---------- Data excerpt

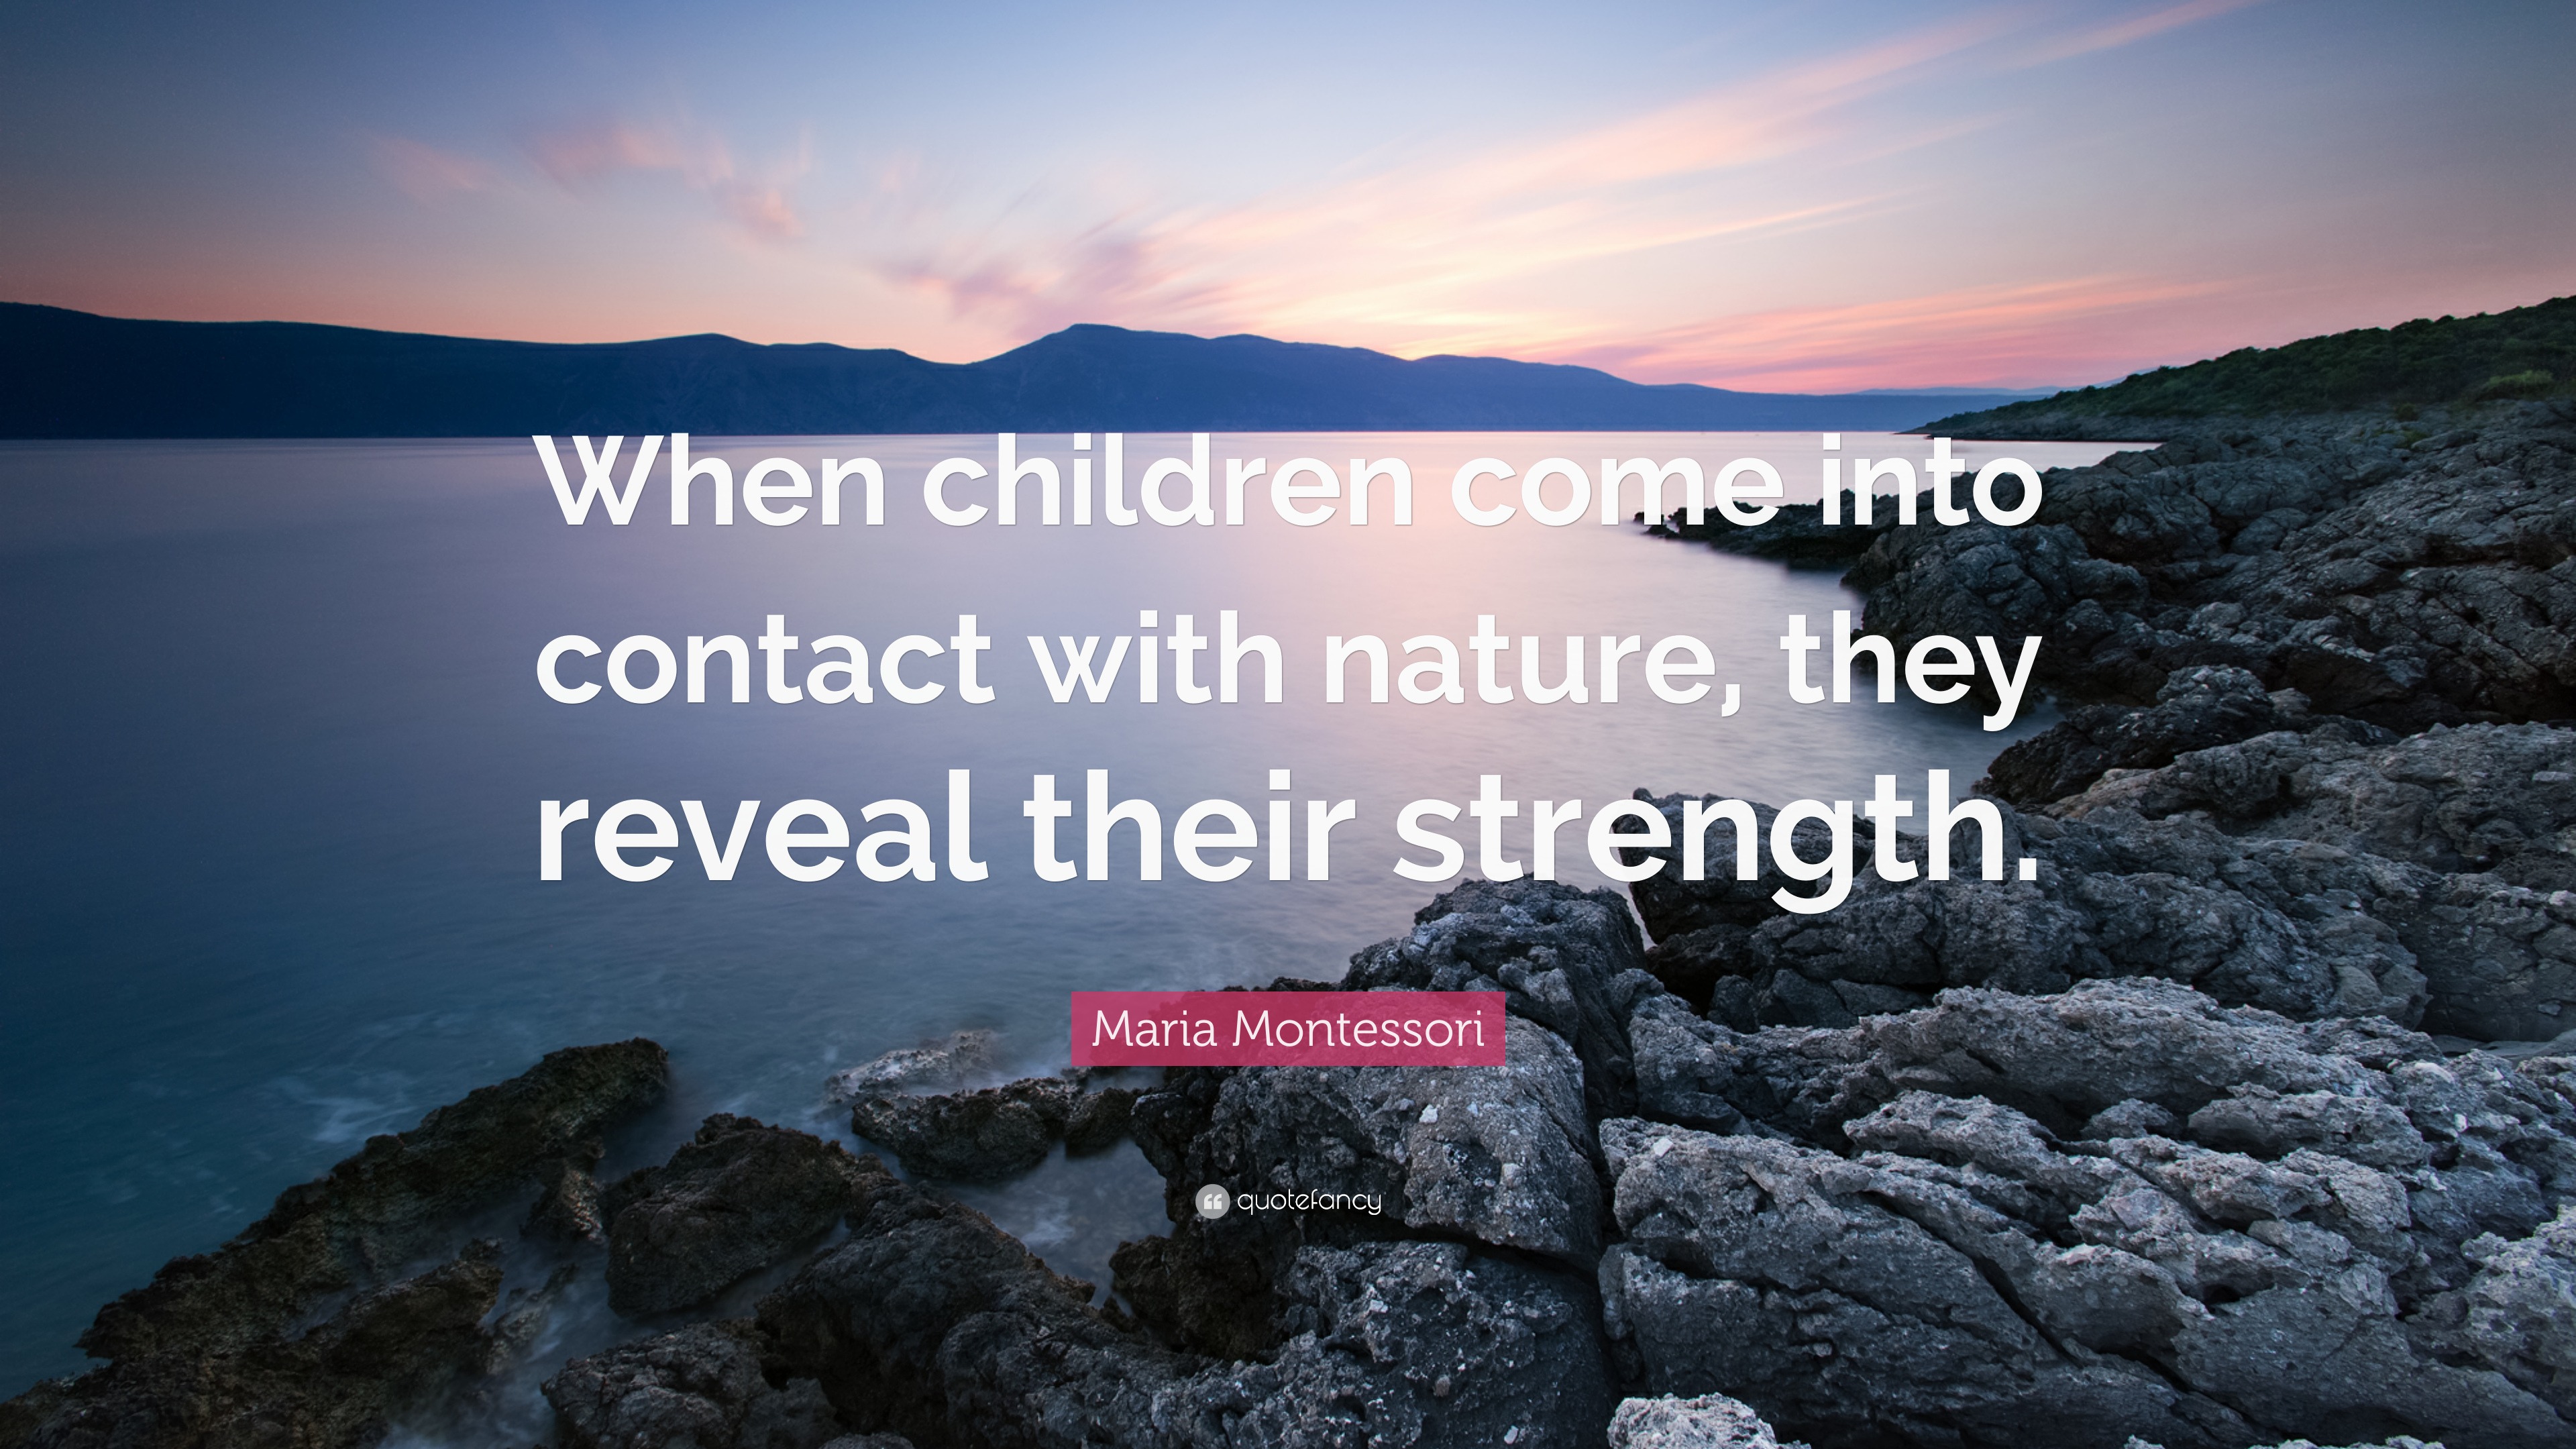 Maria Montessori Quote: “When children come contact nature, they their
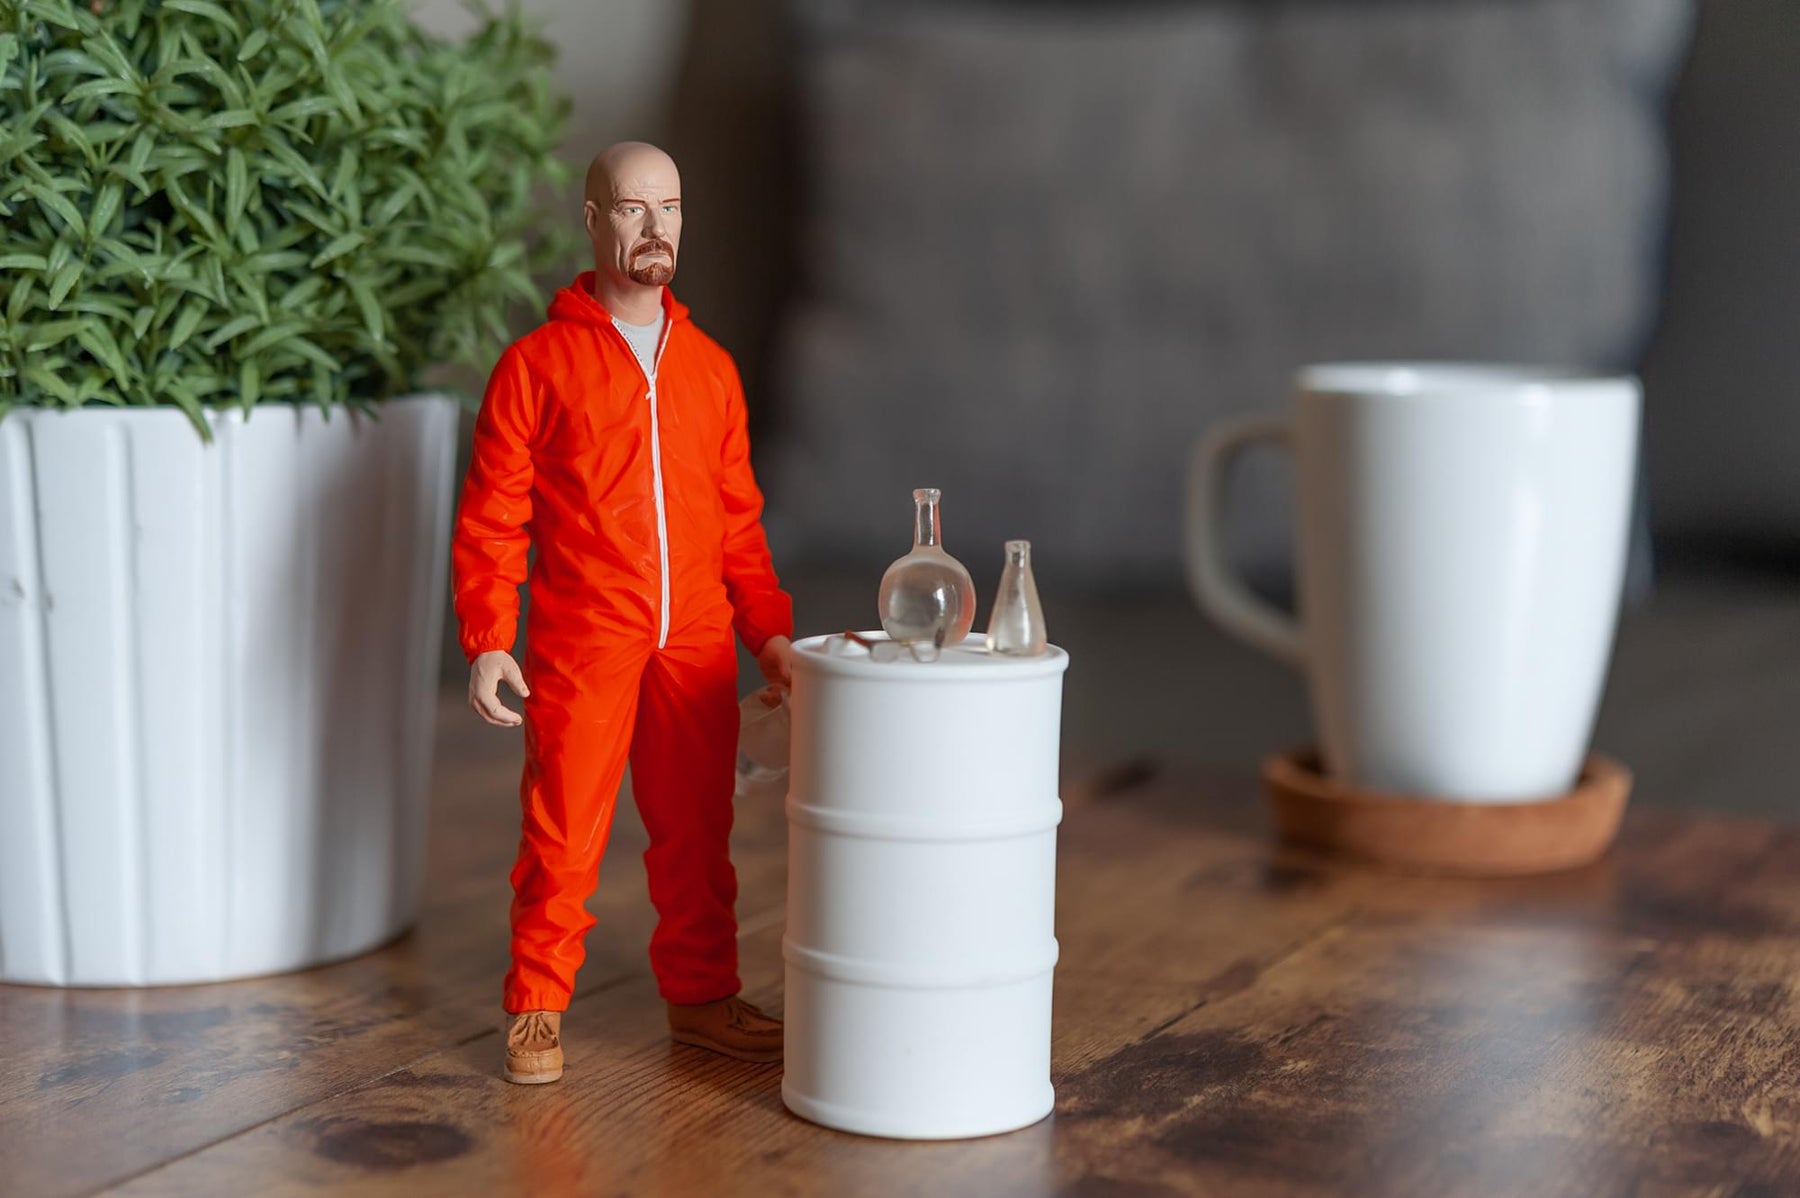 Breaking Bad Walter White In Orange Hazmat Suit Figure | Measures 6 Inches Tall
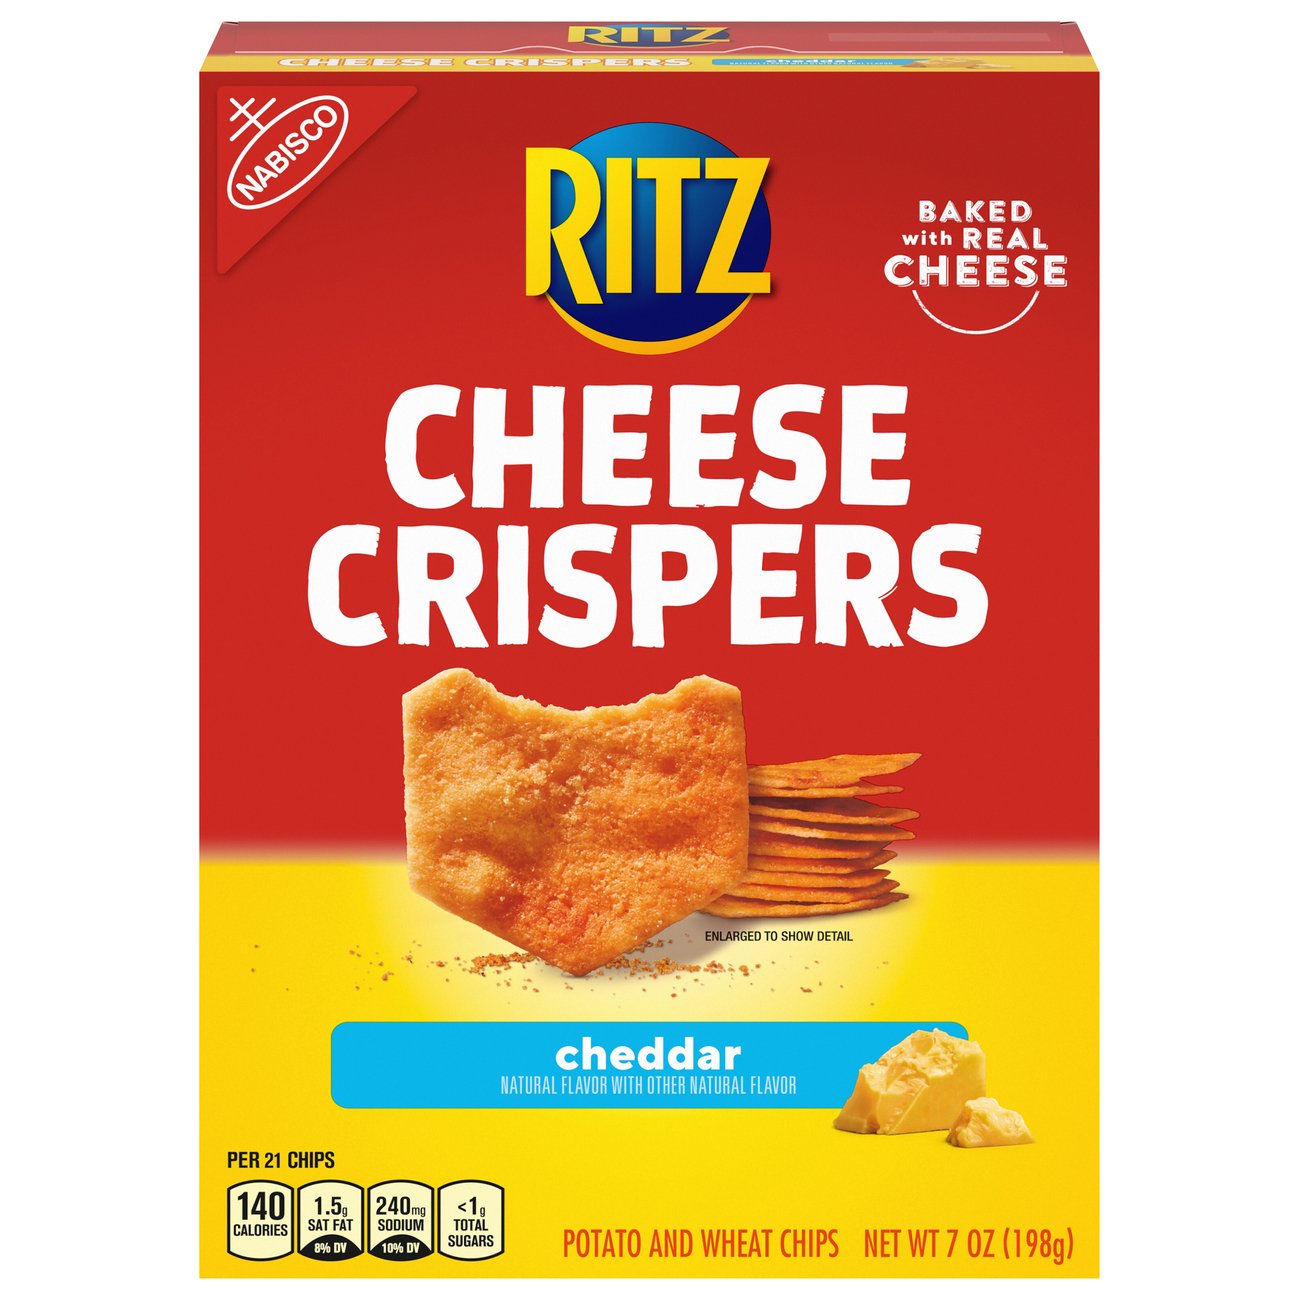 Ritz Cheese Crispers Cheddar - Shop Crackers & Breadsticks at H-E-B

--------------------

■ What you have to do ■
Transcribe the whole listing above exactly and leave out the pictures.

■ Task answer ■
 Maria Montessori Quote: “When children come contact nature, they their
 Breaking Bad Walter White In Orange Hazmat Suit Figure | Measures 6 Inches Tall
 Ritz Cheese Crispers Cheddar - Shop Crackers & Breadsticks at H-E-B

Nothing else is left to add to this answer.